По пути домой Рабих молчит, а потом заявляет, что устал, отвечает известным «ничего», когда его спрашивают, что случилось, уже в квартире, где все еще пахнет свежей краской, устремляется в каморку с диван-кроватью и с силой захлопывает за собой дверь.
– Ой, да хватит уже! – восклицает она, повышая голос, чтоб ее было слышно. – Скажи по крайней мере, что происходит.
На что он отвечает:
– Да пошла ты! Оставь меня в покое! – Именно так порой звучит страх.
Кирстен заваривает себе чай, потом идет в спальню, настойчиво убеждая себя (не совсем правдиво), что понятия не имеет, с чего это ее молодой муж (который и вправду являл собой странное зрелище в баре «Арка») мог так расстроиться.
Суть обиды обычно составляет горькая микстура из сильного раздражения и столь же сильного желания не общаться по поводу его причин. Надувшимся отчаянно необходимо понимание других, и в то же время они ничего не делают, чтобы получить его. Сама необходимость объяснять становится стержнем обиды: если партнеру требуется разъяснение, то он или она явно тебя не стоит. Мы должны добавить: тем, на кого обращены чувства надувшихся, повезло, это означает, что они уважают вас и настолько верят вам и считают, что вы должны понимать их невысказанную боль. Это один из самых странных даров любви.

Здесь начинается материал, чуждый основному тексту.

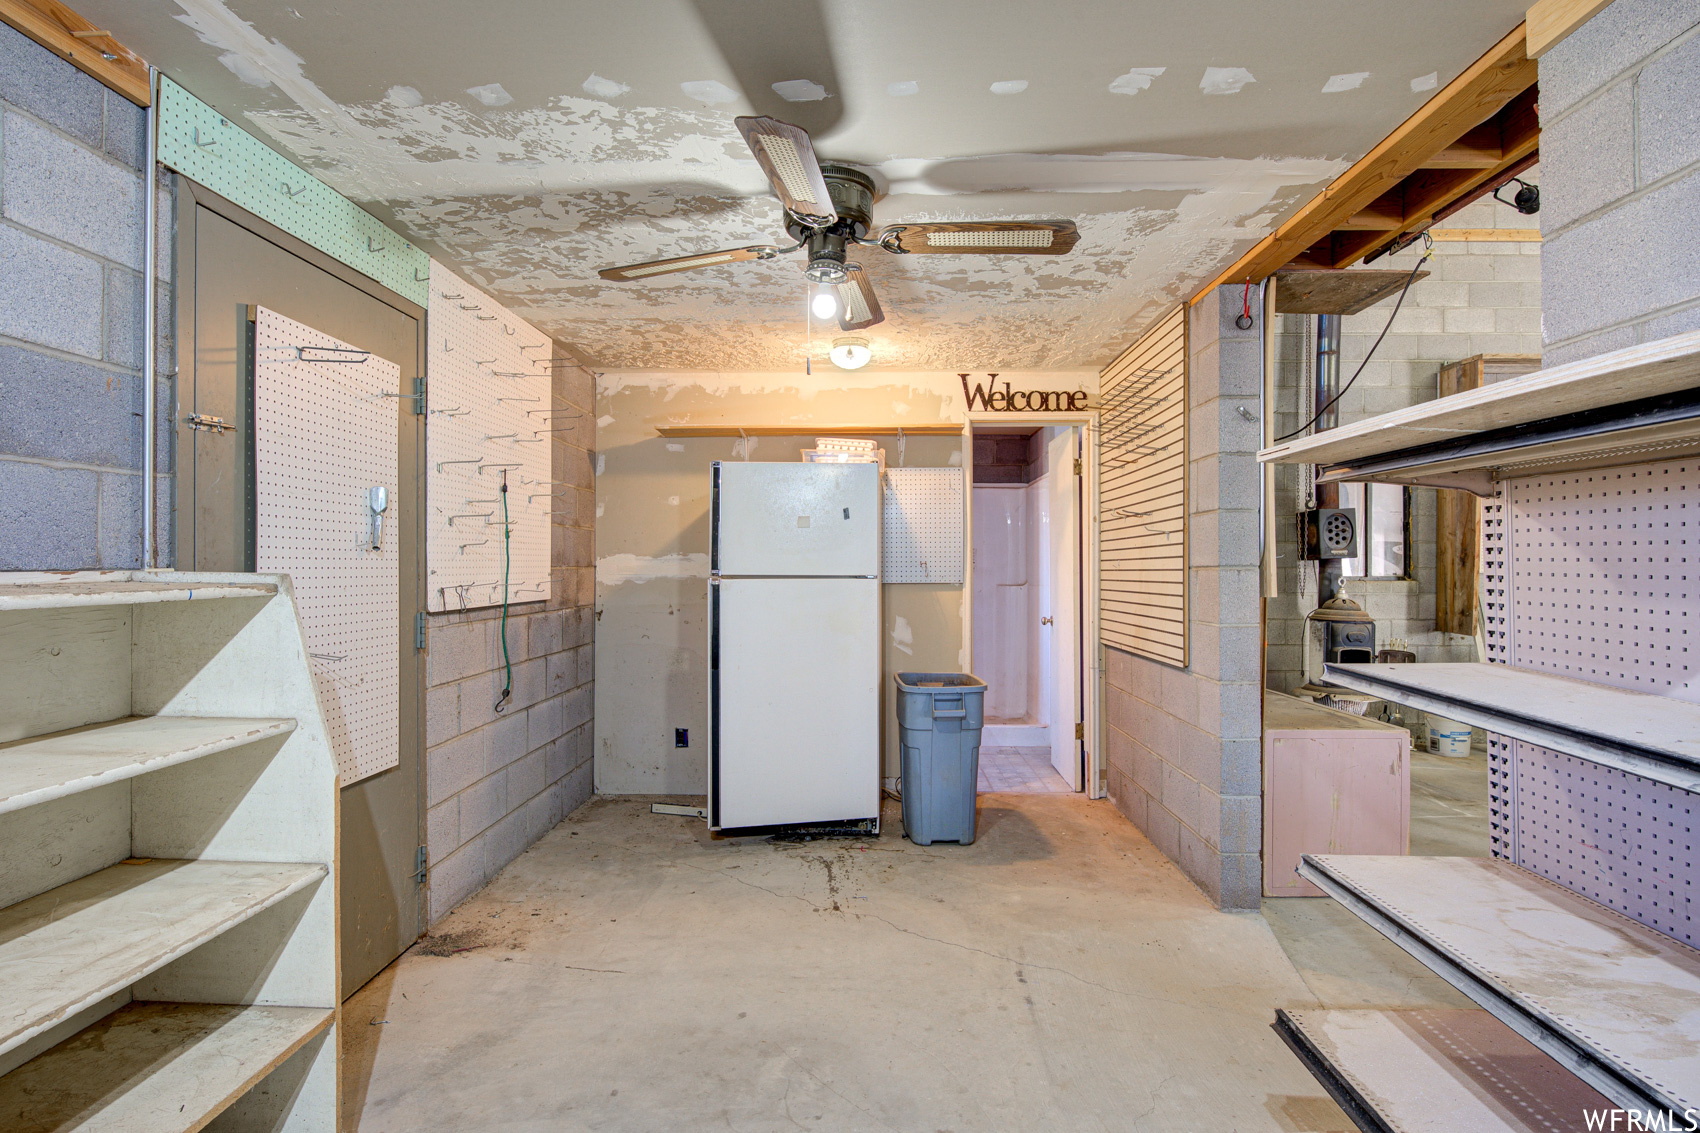 Basement with ceiling fan and white refrigerator

В конце концов она встает с постели и стучится в дверь каморки. Ее мама всегда говорила, что никогда не стоит ложиться спать в ссоре с мужем. Кирстен все еще уверяет себя, что ничего не понимает.
– Дорогой, ты ведешь себя, как двухлетний ребенок. Я на твоей стороне, ты помнишь? Объясни по крайней мере, что не так.
И внутри узенькой комнатушки, забитой книгами об архитектуре, малыш-переросток поворачивается на диван-кровати и уже ни о чем не может думать, кроме как о том, что он не уступит, – об этом и еще почему-то о том, до чего странно выглядят тисненные серебром слова на переплете книги на ближайшей полке: МИС ВАН ДЕР РОЭ[22]22
Людвиг Мис ван дер Роэ – немецкий архитектор, один из художников, определивших облик городской архитектуры в XX в.
[Закрыть]. Положение, в каком Рабих находится, непривычное. В былых отношениях он всегда упорно старался быть тем, кто беспокоится меньше, однако душевная энергия и твердость Кирстен обрекли его на другую роль. Теперь его черед лежать без сна и переживать. Почему все ее друзья ненавидят его? Что она в них находит? Почему не пришла ему на помощь и не защитила его?
Такие обиды платят дань прекрасному опасному идеалу, который формируется в самом раннем детстве: обещание безусловного понимания. В утробе матери нам никогда не приходилось объяснять. Любая прихоть исполнялась. Все необходимое для нашего комфорта мгновенно предоставлялось. Кое-что из этой идиллии продолжалось в первые годы нашей жизни. Нам незачем было знать о своих нуждах: большие добрые люди думали за нас. Они понимали, что стоит за нашими слезами, невнятным лепетом, смятением, они находили объяснения беспокойства, которое мы были не способны выразить словами.
Возможно, поэтому, ведя совместную жизнь, даже самые красноречивые из нас, взрослых, могут инстинктивно предпочесть не озвучивать всего, что волнует, когда наши партнеры рискуют не понять нас как следует. Только обмен мыслями может восприниматься как верный знак, что наш партнер именно тот человек, которому можно довериться. Только когда нам нет необходимости объяснять, мы способны ощущать, что нас действительно понимают.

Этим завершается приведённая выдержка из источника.